In the listing below, find the line with "Program 1 Polskiego" and copy every line from there up to and including the line with "Klebefolie Underwater World", exactly and without pictures.
##### MATERIAL TO PROCESS
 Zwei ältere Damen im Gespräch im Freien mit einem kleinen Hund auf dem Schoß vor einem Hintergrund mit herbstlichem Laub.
##########
##### MATERIAL TO PROCESS
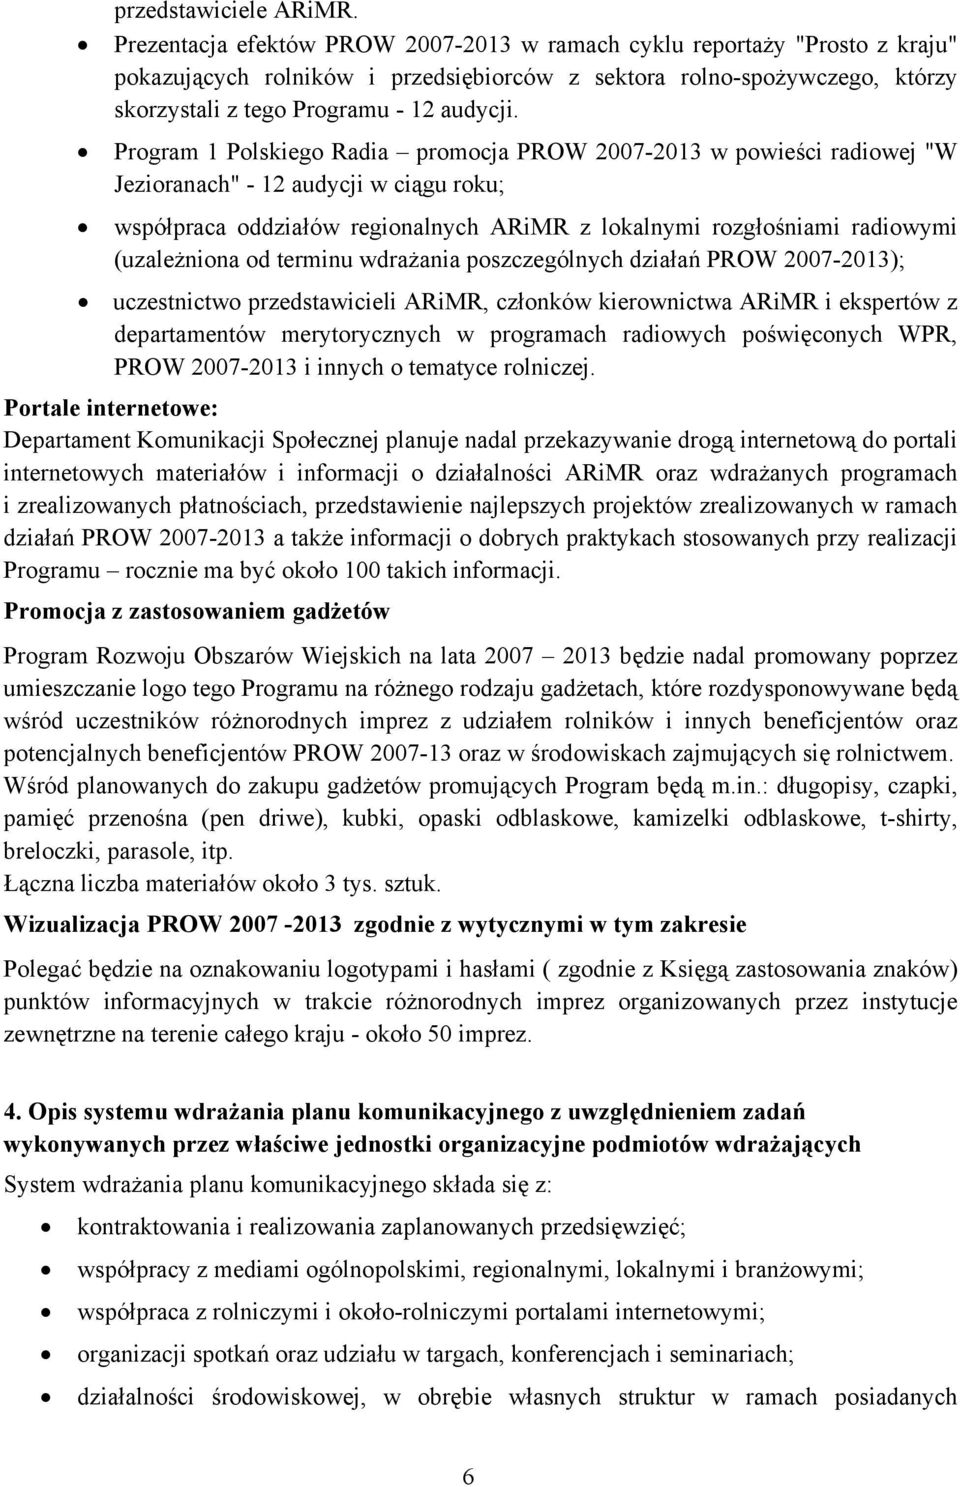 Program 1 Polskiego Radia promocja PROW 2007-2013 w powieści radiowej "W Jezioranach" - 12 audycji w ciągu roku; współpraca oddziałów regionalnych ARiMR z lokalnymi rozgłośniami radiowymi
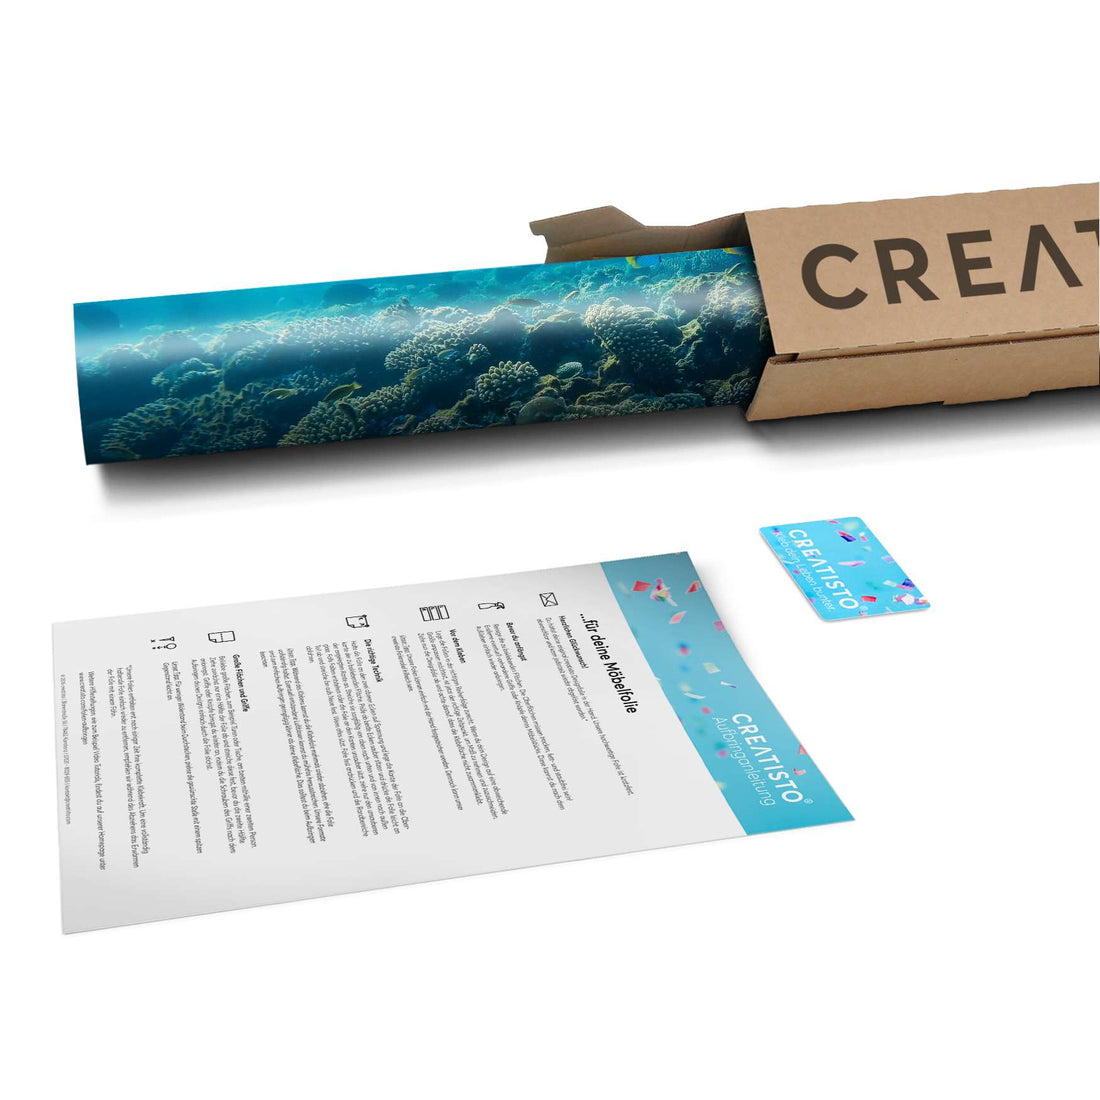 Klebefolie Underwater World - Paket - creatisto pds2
##########
> _WRITTEN RESPONSE_:
 Program 1 Polskiego Radia promocja PROW 2007-2013 w powieści radiowej "W Jezioranach" - 12 audycji w ciągu roku; współpraca oddziałów regionalnych ARiMR z lokalnymi rozgłośniami radiowymi
 Klebefolie Underwater World - Paket - creatisto pds2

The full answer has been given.